Are you a C wizard? Codea needs your help

Ignatz · November 18, 2015, 1:37am

Simeon is looking at increasing vector speed performance in Codea, but it is complex.

If you know enough about C to help with the challenge below, please message Simeon.

He says …

I spent some time looking at solutions for removing the need for allocations on vector objects.

The problem is that vec2 (and friends) are Lua “user data” objects, which are basically Lua-managed interfaces to C code and data. The problem is that performing operations on them needs to return a result, which needs to ask Lua to create a new user data. This causes Lua to allocate memory with its memory allocator. And that’s the source of the performance difference.

Out of curiosity, I wrote a pure-Lua vec2 implementation and tested it on your benchmark. It was extremely slow (1000 iterations/frame vs. 8000 for user data).

There are only a few solutions I can think of, and some of them seem a bit infeasible.

Modify the Lua interpreter to support native vector types. This would be pretty tricky and make keeping up-to-date with future versions of Lua quite hard.
Find a faster memory allocator. I tried using LuaJIT’s memory allocator with Lua and it seems a little faster, though not much. I’m pretty sure the generalised malloc/realloc/free are as fast as they get.
Use a custom memory allocator that draws from a static pool rather than the heap. This would require some fixed memory size from which vectors can be drawn. The problem is you’d probably want to make this explicit in the code, or you’ll run out of pool memory in general purpose applications.

Something like:

vec2.pool(20)

– Do expensive vector loop, only 20 vectors can be allocated before old ones are reused

vec2.flush()

This is hard to implement in a bug-free manner though.
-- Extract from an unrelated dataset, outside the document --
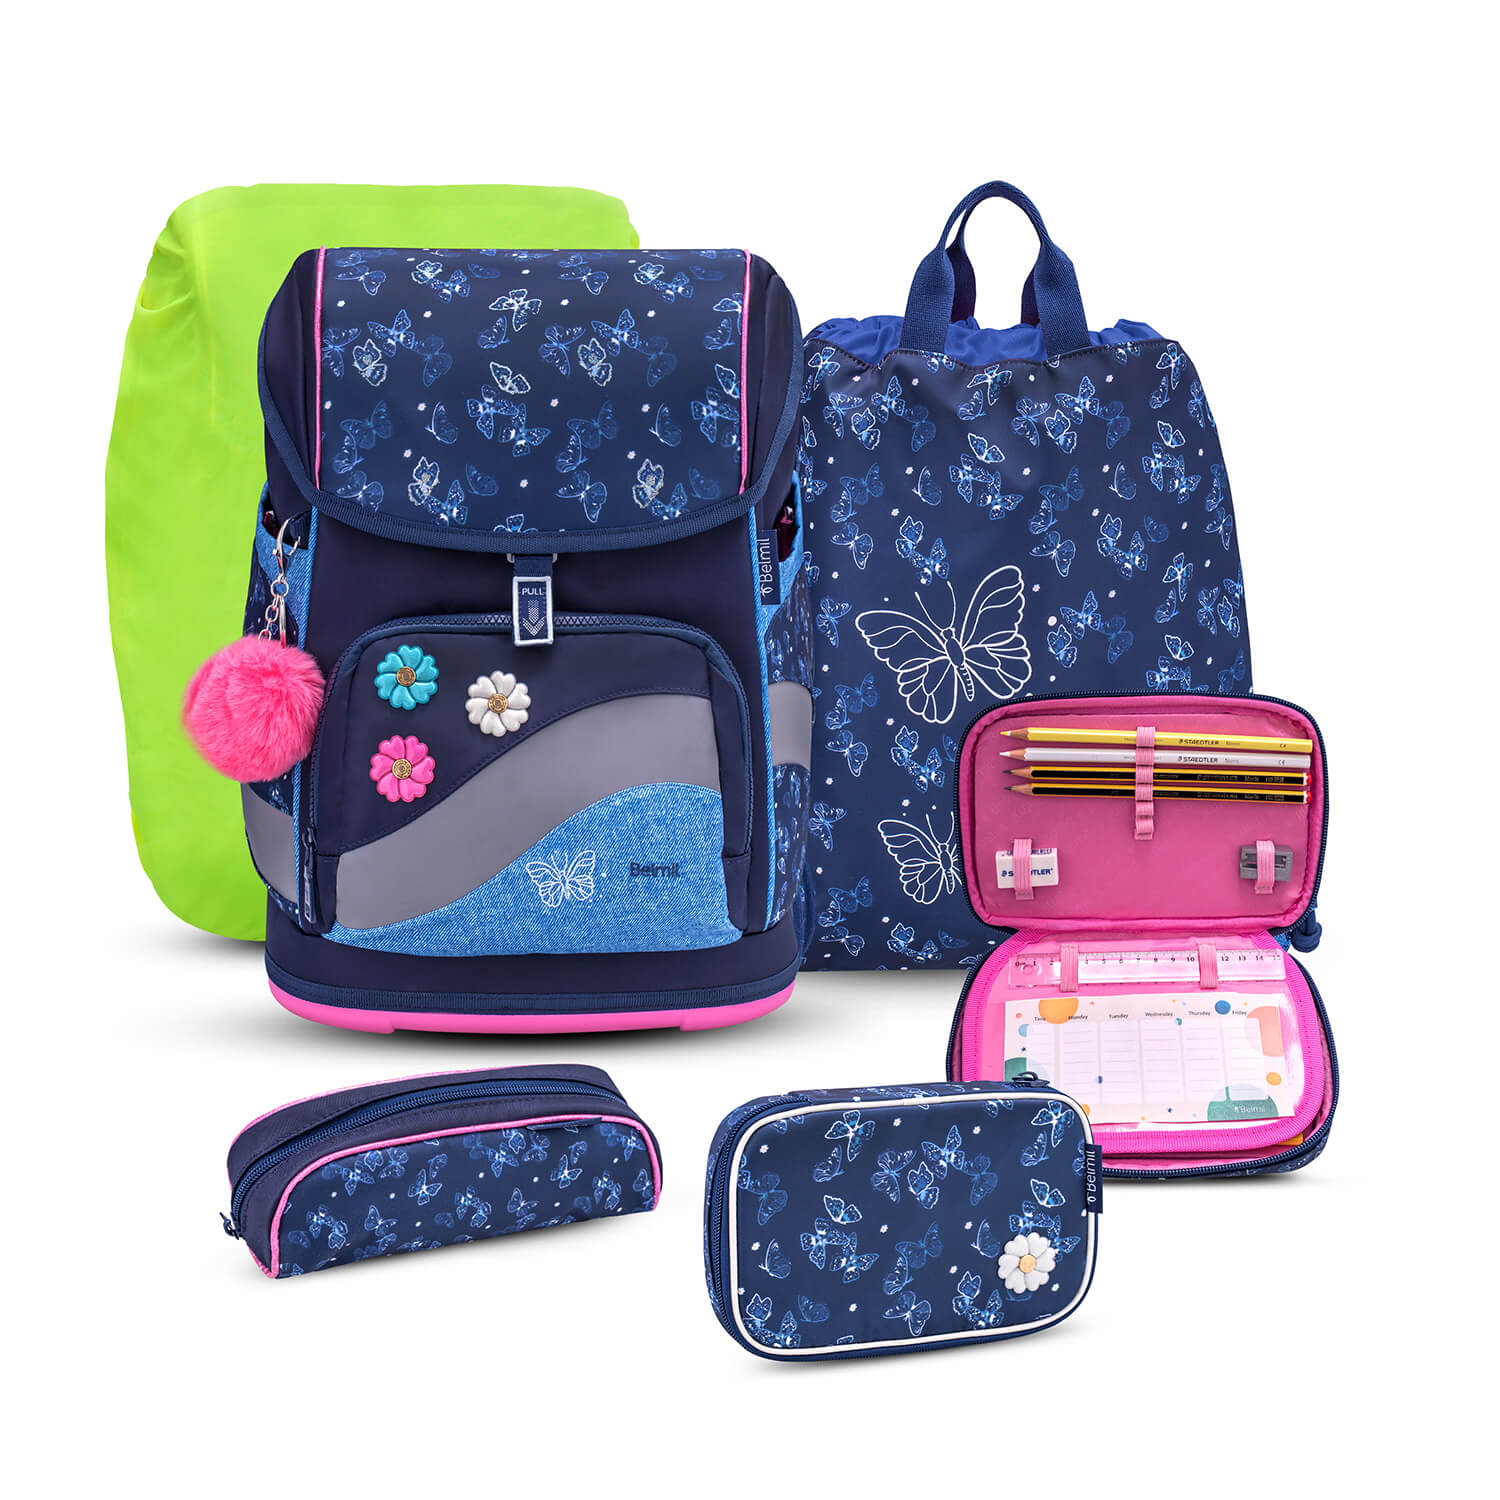 Smarty Plus Sapphire Schoolbag set 6pcs.

Use a vector-expression API where you pre-construct the expression tree then evaluate the expression with vectors as arguments, e.g:

local expr = vec2(“someVec + someOther * (radius * 2.6) - pos”)

– In the loop

local v = expr:evaluate(a, b, c, d, e)

This is a bit clunky though. And it still allocates at least one new vector (v)

sim · November 18, 2015, 2:17am

@Ignatz I’d still recommend using vectors and matrix types over unravelling them yourself because it makes your code cleaner.

Only once you actually do encounter performance issues should you look to optimise your code, and I expect in the vast majority of cases performance will not be an issue.

I think your case (geometry culling?) is quite exceptional to the norm and certainly warrants the optimisations you made.

Ignatz · November 18, 2015, 2:32am

I agree, I’d only look at decomposing vectors when I’m running functions thousands of times a frame.

And I’m certainly not complaining. Codea runs very fast as it is!